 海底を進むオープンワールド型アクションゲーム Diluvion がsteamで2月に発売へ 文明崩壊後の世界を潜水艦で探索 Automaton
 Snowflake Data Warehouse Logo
· · ·
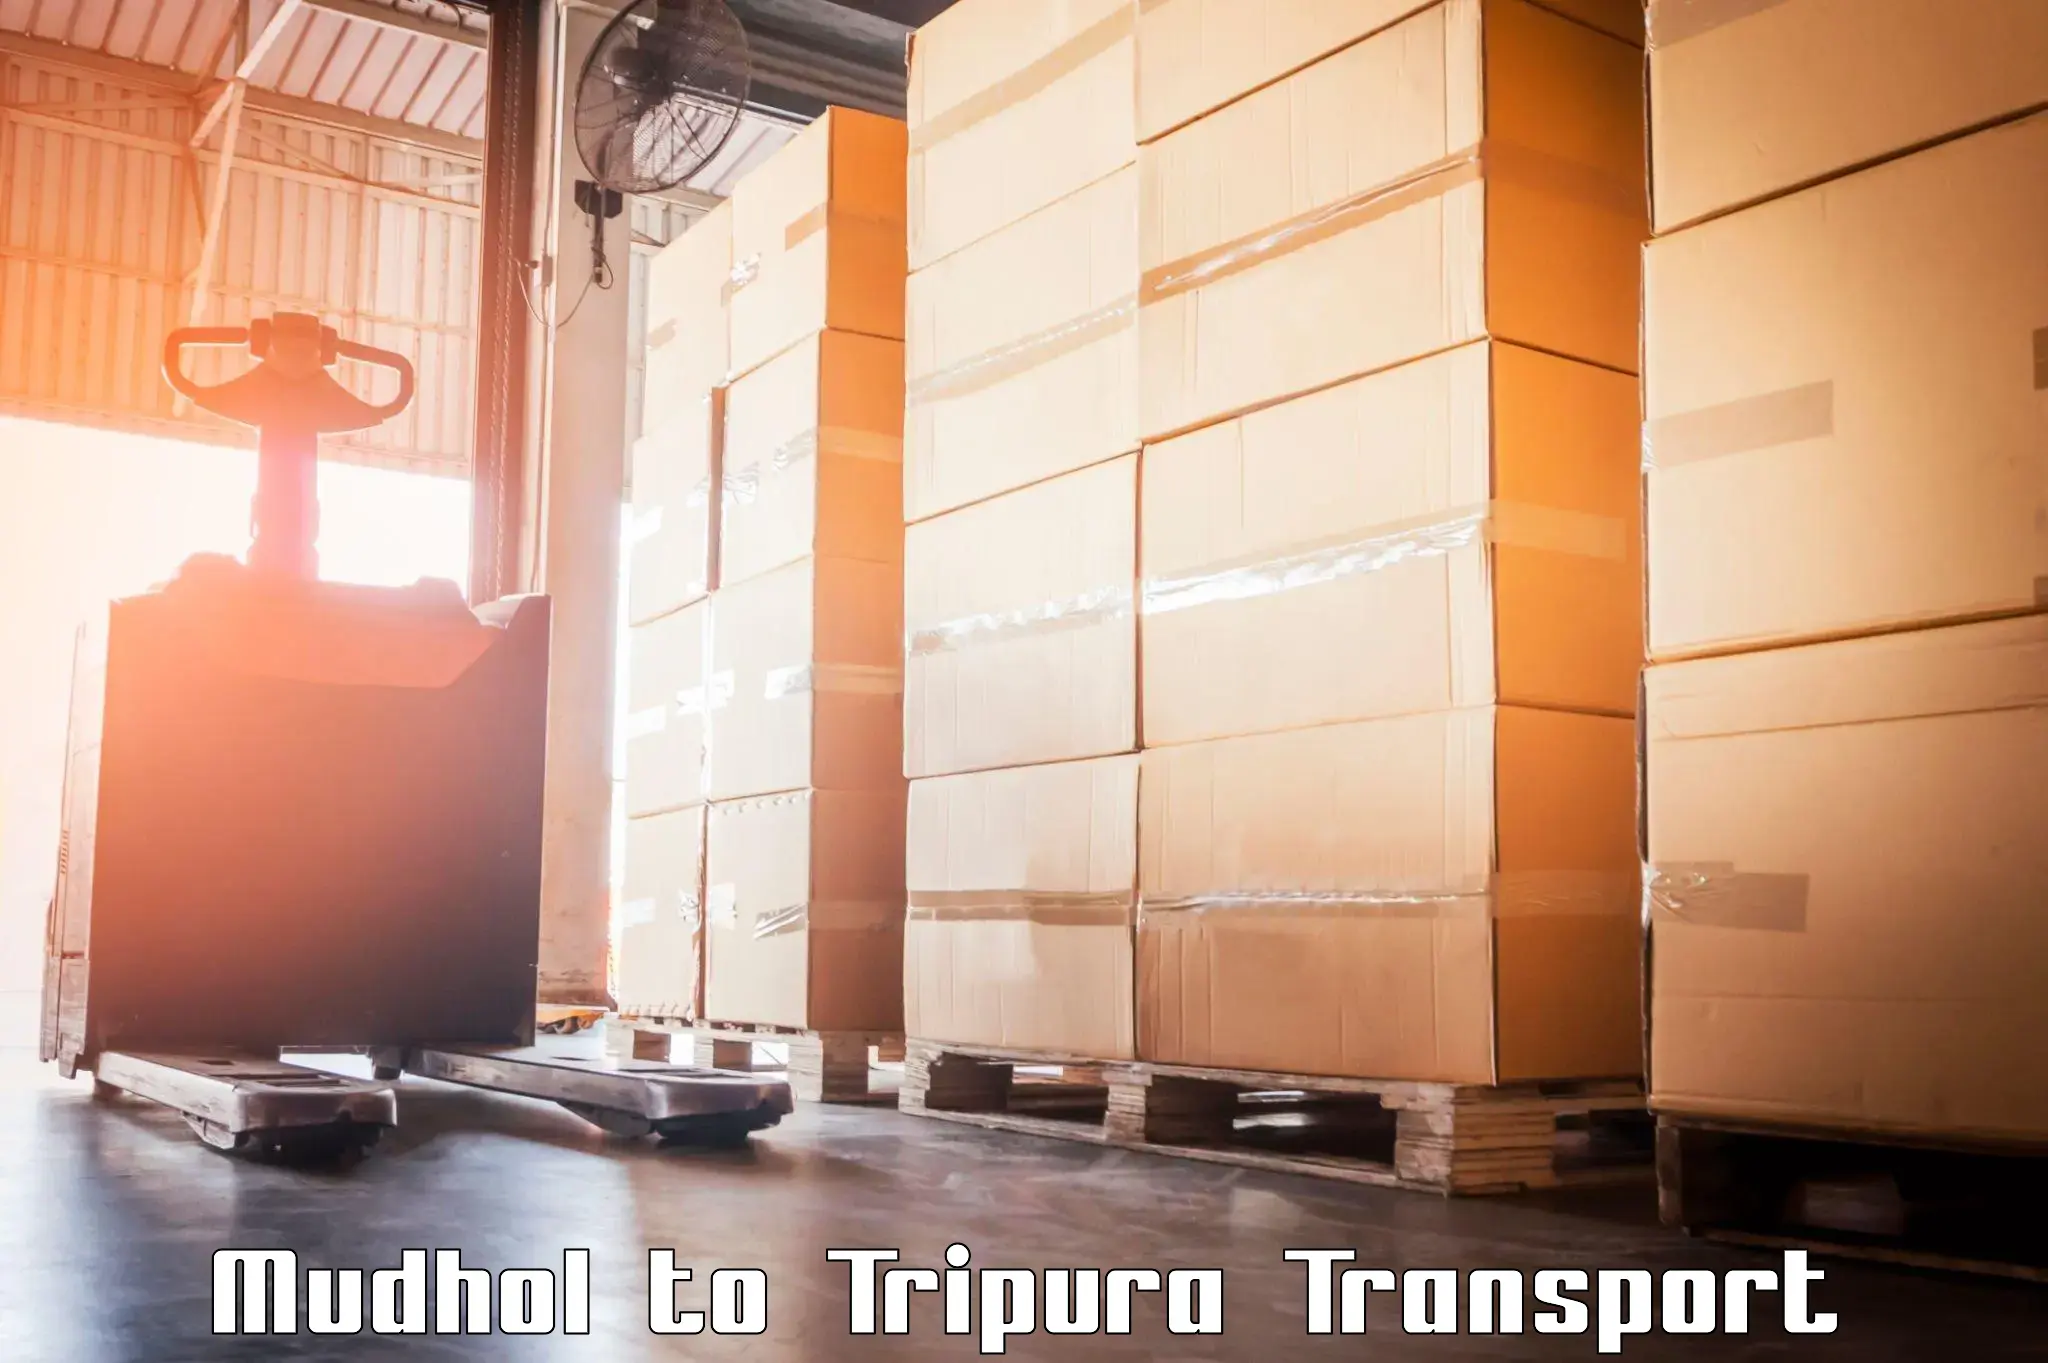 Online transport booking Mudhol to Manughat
· · ·
Task brief:
Please output exactly the lines between the one holding "海底を進むオープンワールド型アクションゲーム Diluvion がsteamで2月に発売へ" and the one holding "Snowflake Data Warehouse Logo" in the records above, inclusive, and nothing more.

Output below:
 海底を進むオープンワールド型アクションゲーム Diluvion がsteamで2月に発売へ 文明崩壊後の世界を潜水艦で探索 Automaton
 Snowflake Data Warehouse Logo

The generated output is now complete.